Vulnerabilities in open-source components — such as the widespread flaws disclosed 10 months ago in Log4j 2.0 — have forced data scientists to re-evaluate open-source code frequently used in machine learning analysis and model building.
According to a report by Anaconda, a data science platform company, over the past year, 40% of data scientists, business analysts and students surveyed have reduced their use of open source components, while a third are remained stable and only 7% incorporated more open source code into their projects. The majority of respondents do not report to the IT department (18%), but work within their own data science or research and development group (47%), according to Anaconda”State of Data Science 2022″ report published last week.
While software developers and IT have already begun verifying secure code, concerns about the security of open source software are a relatively new trend for the world of data science, says Peter Wang, co-founder and CEO of Anaconda.
“We see a huge proportion of people working in organizations where IT has created a very strict posture around open source and Python,” he says. “They’re not expert developers. … They’re data scientists and machine learning people who may not be very experienced developers at all, using whatever they could download to do their analysis , and then they turned it over to IT.”
The security of open source components – and the software supply chain in general – has become a primary consideration for software developers, enterprises and national governments over the past two years. In May, for example, the US National Institute of Standards and Technology (NIST) released software supply chain risk guidance. Additionally, a growing number of software vendors have joined the Linux Foundation’s Open Software Security Foundation (OpenSSF).
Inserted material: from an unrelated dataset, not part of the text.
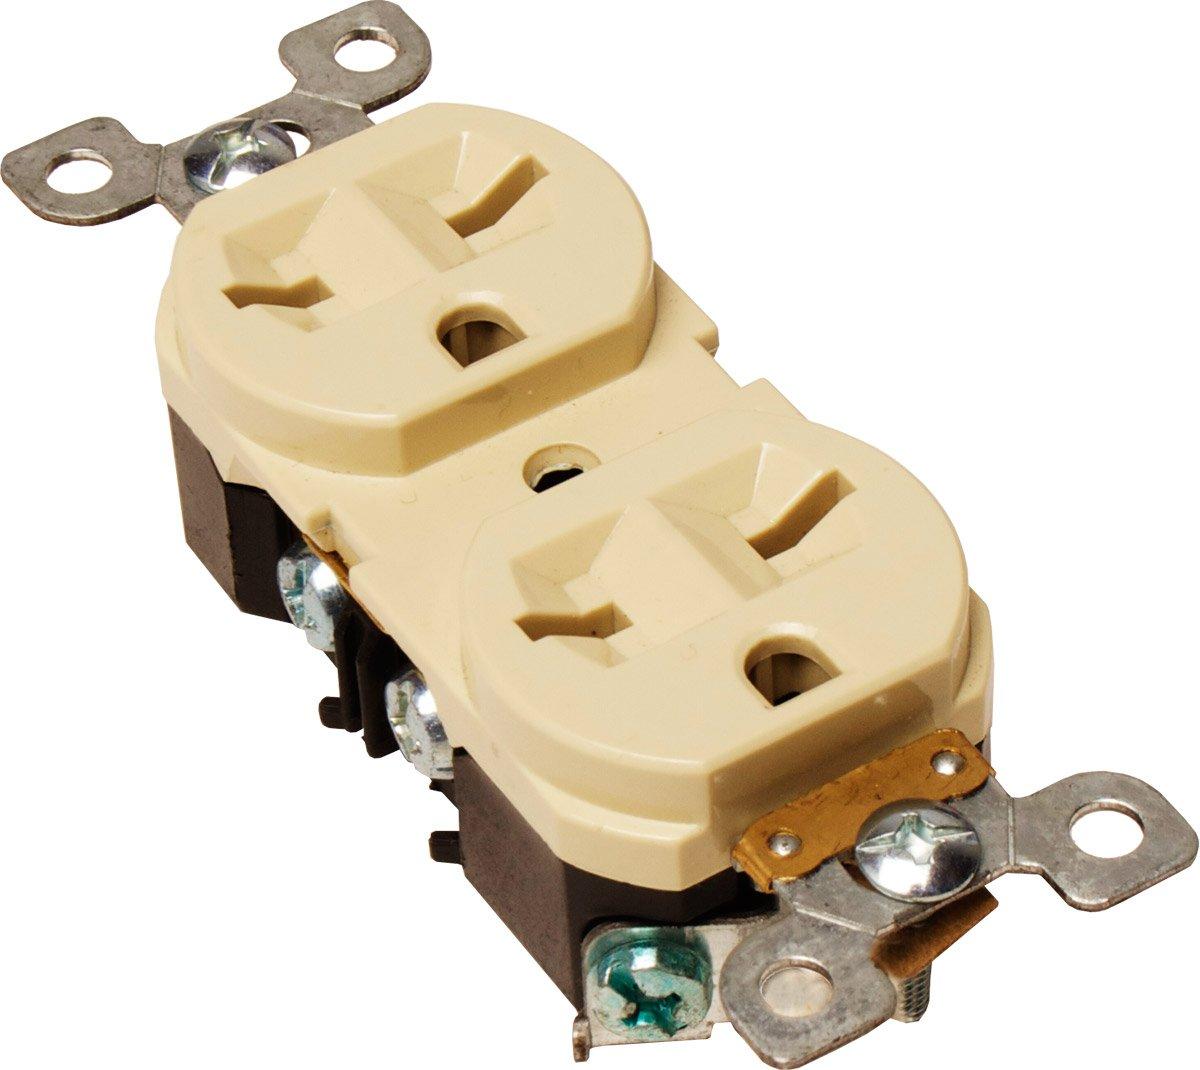 Hydrofarm 15 Amp Duplex Receptacle 240 Volt 250 Plug Wiring Electrical Outlets Garden Outdoor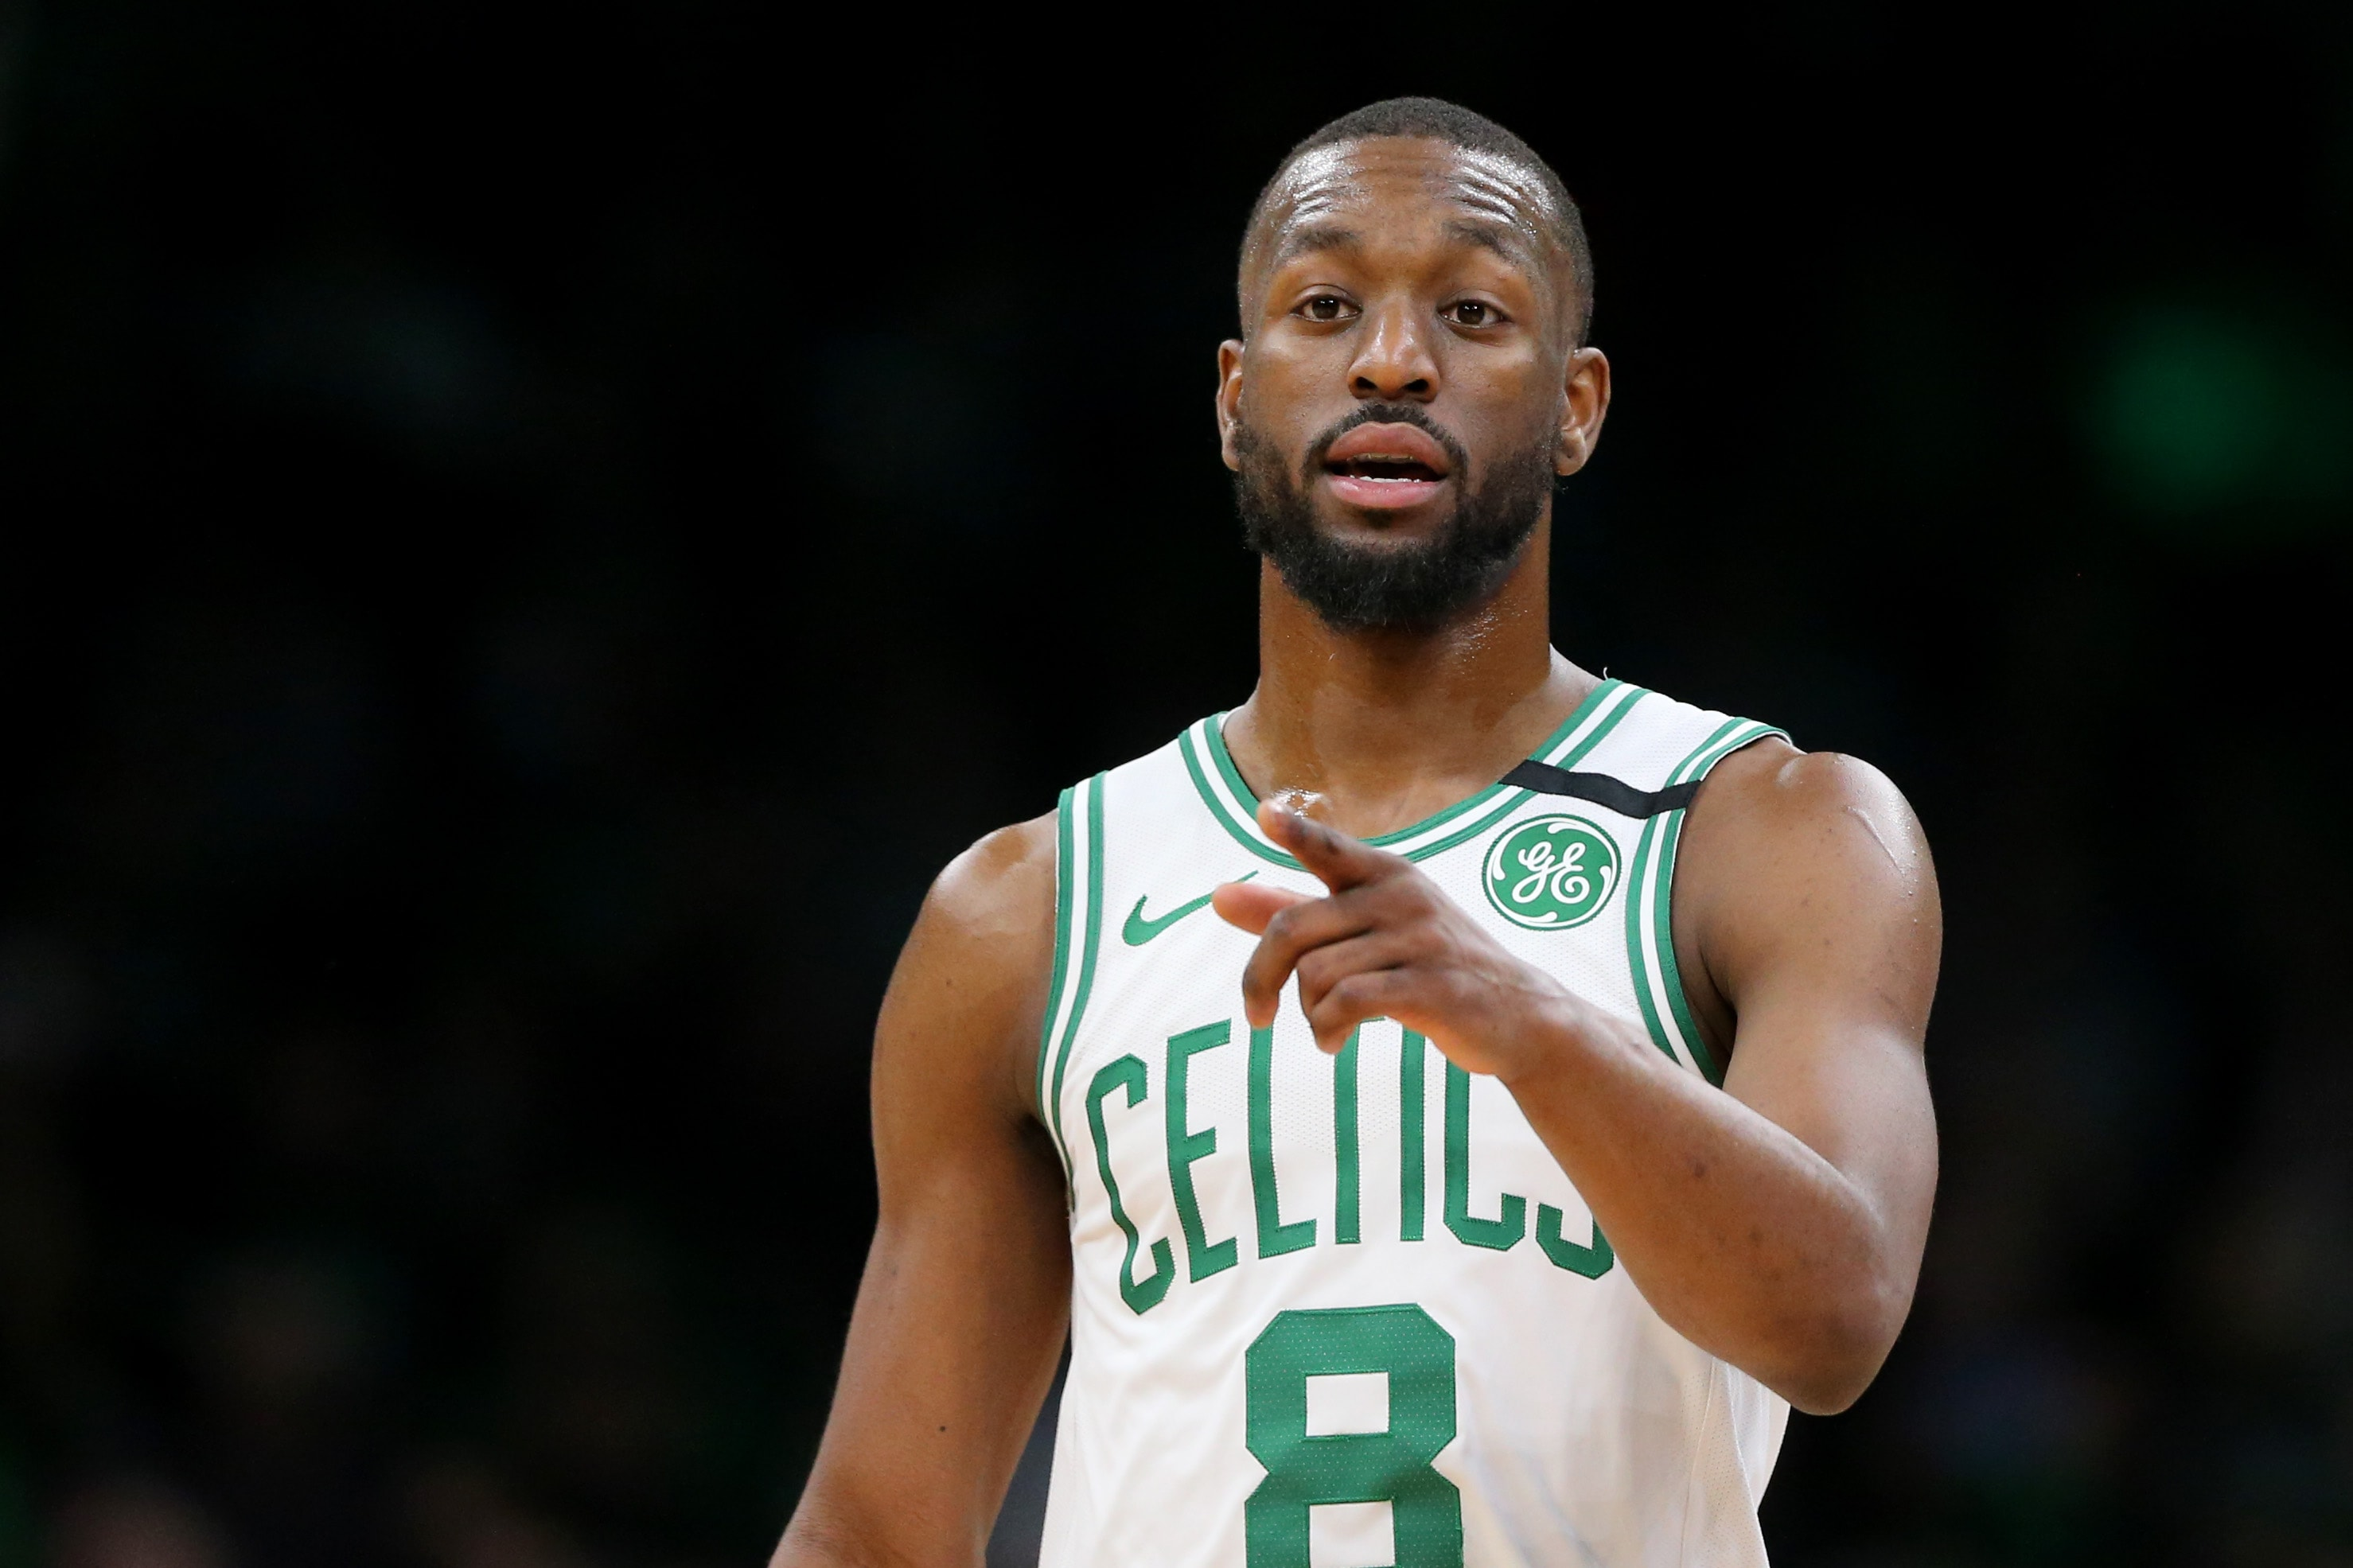 Kemba Walker says Celtics' struggles start with him: 'I just have to be better'

Overall, the maturity of organizations’ security efforts has improved. According to the June survey, about half of organizations have an open source security policy in place, leading to better performance in security readiness measures. Additionally, open source risk control efforts have jumped 51% in the past 12 months, a security maturity study said September 21.
“[W]With the focus on software supply chains, most organizations are taking a risk-based approach to application security,” Jason Schmitt, general manager of Synopsys Software Integrity Group, said in a statement announcing the study. . “Such an approach recognizes that security is not limited to the code base; this includes the software development process where security reviews and testing “go all over the place” to continually improve security outcomes.”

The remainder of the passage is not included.